### Task requirements
Taking the data below, please print only the lines from the line holding "close up image of cooked farro on a plate" to the line holding "Greenpoint Loft wedding", inclusive, with pictures omitted.

### Data provided
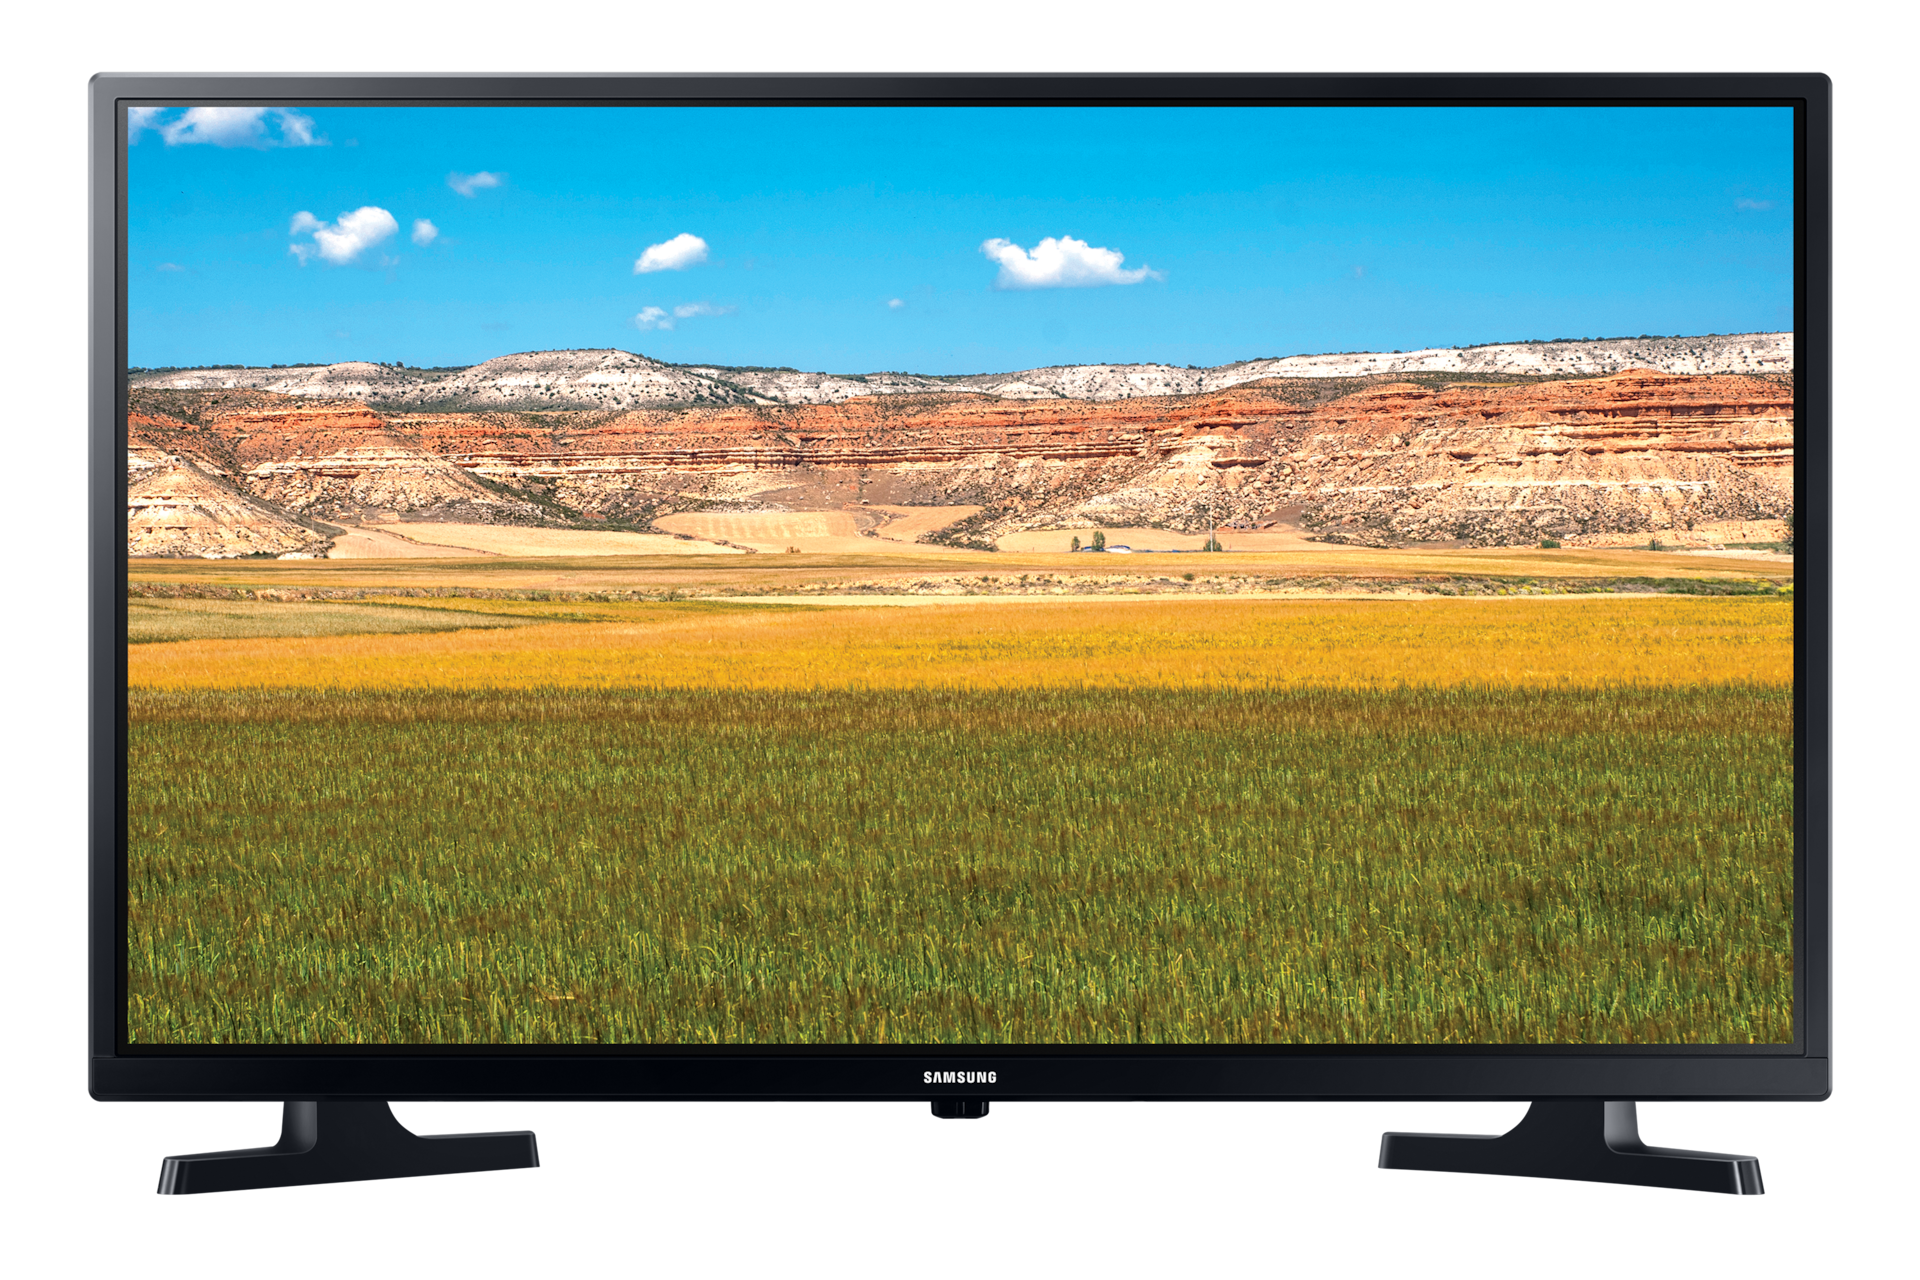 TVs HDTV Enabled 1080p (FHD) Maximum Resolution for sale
---
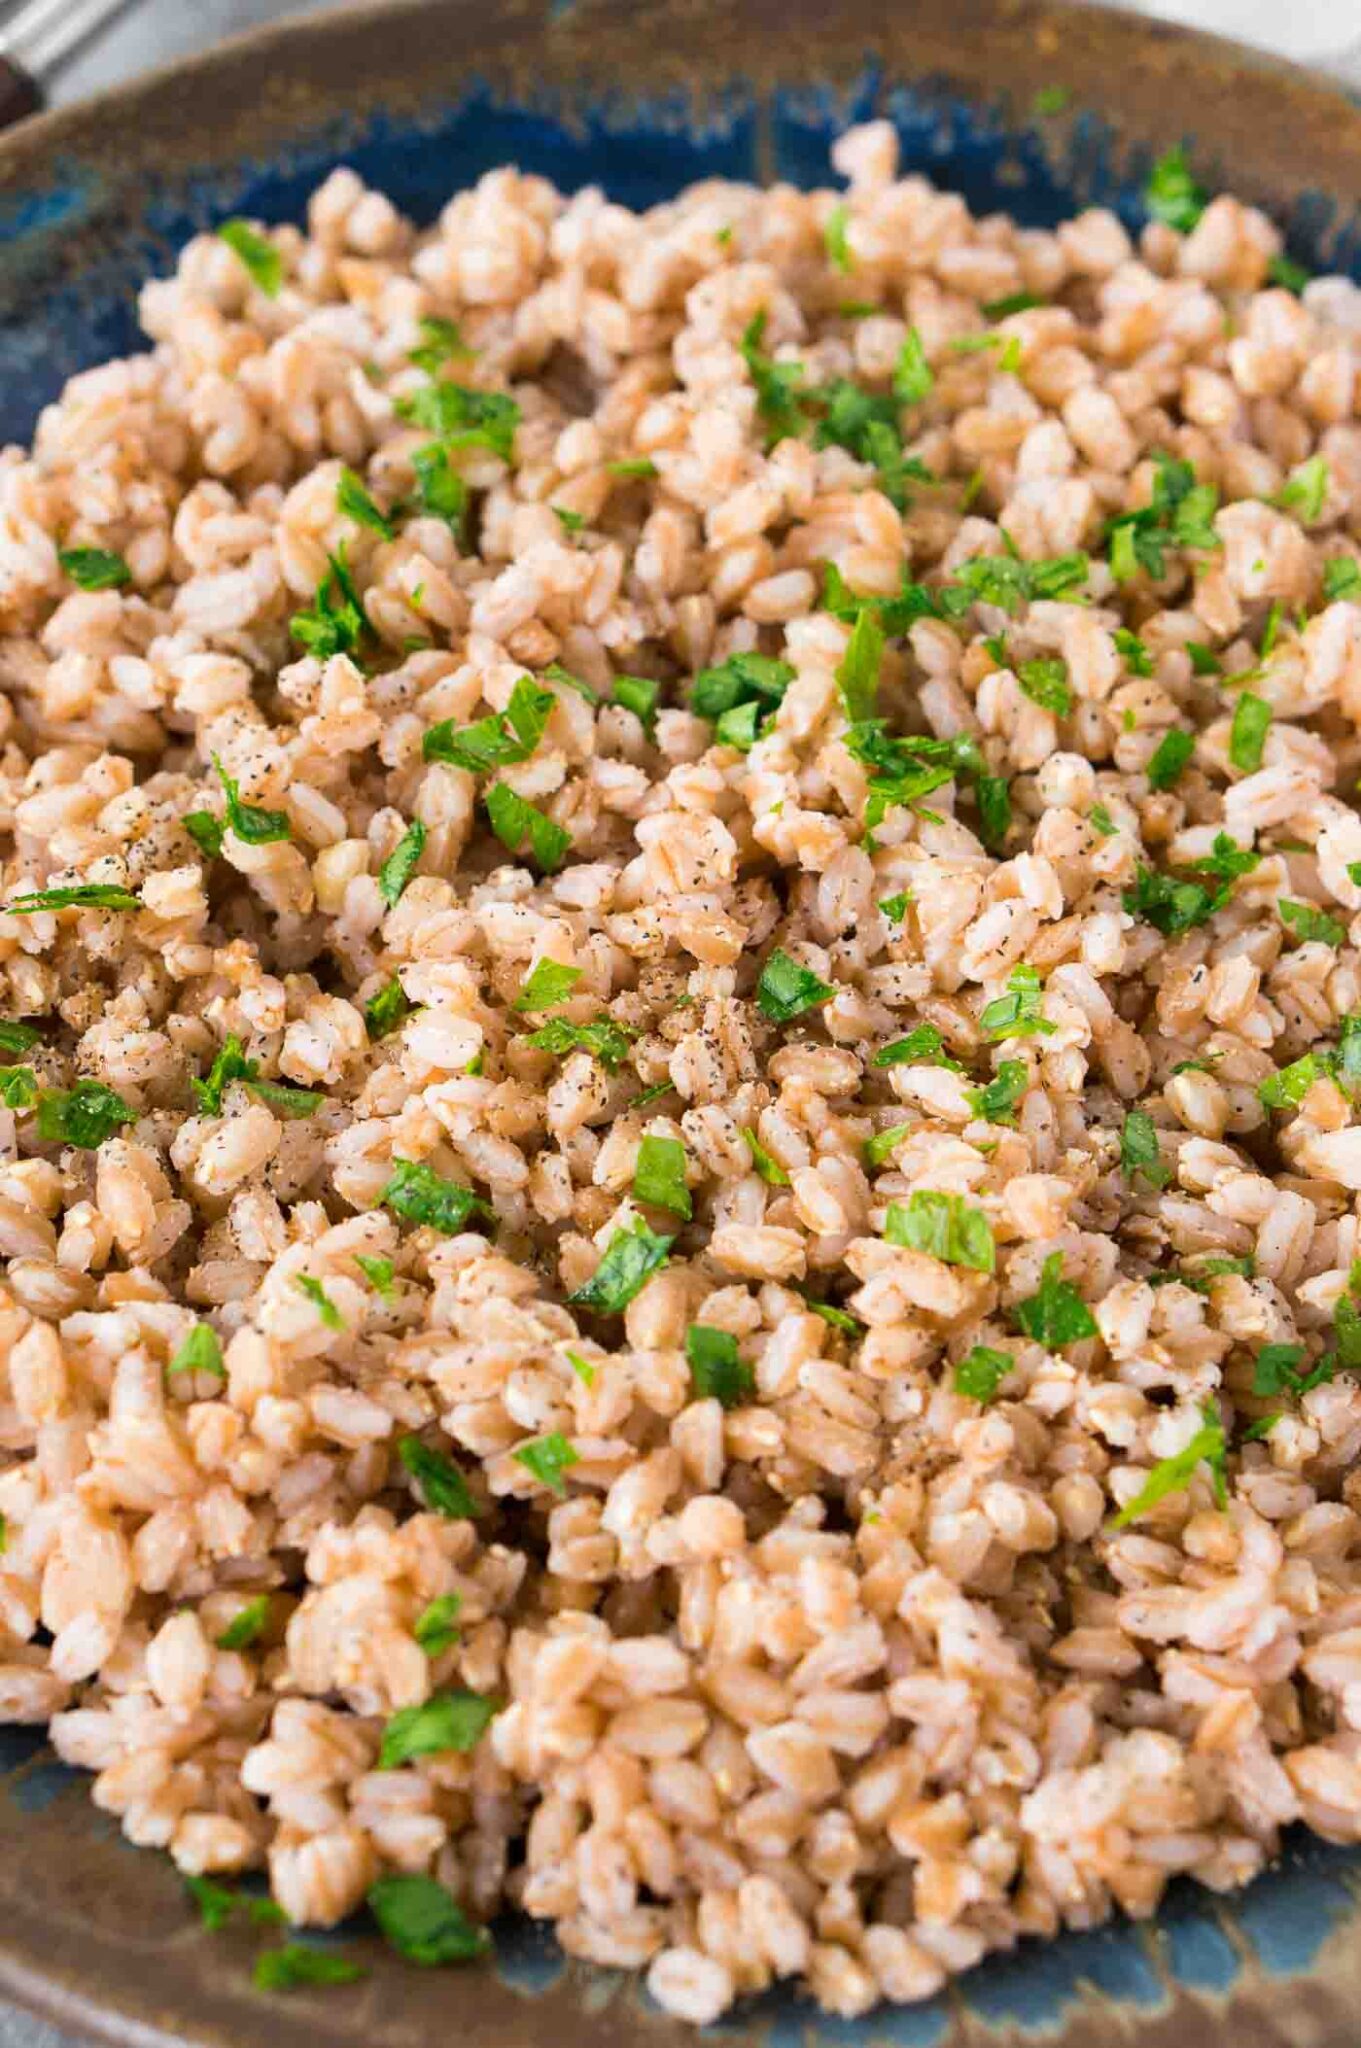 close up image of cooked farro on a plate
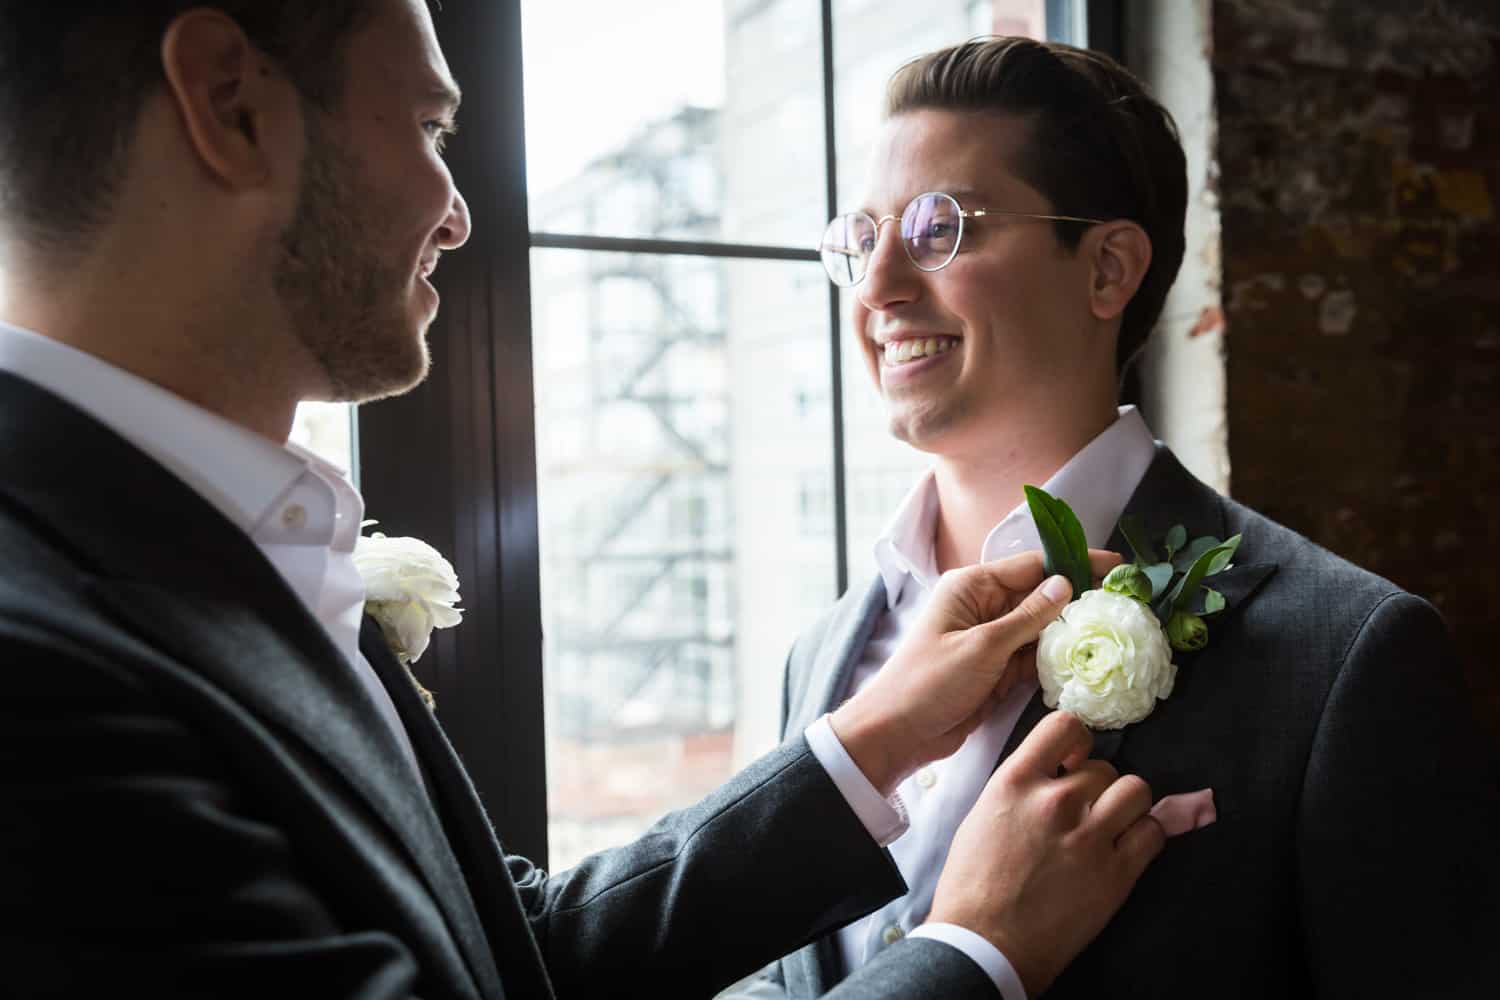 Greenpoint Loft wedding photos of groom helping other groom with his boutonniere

### Result for this task
 close up image of cooked farro on a plate
 Greenpoint Loft wedding photos of groom helping other groom with his boutonniere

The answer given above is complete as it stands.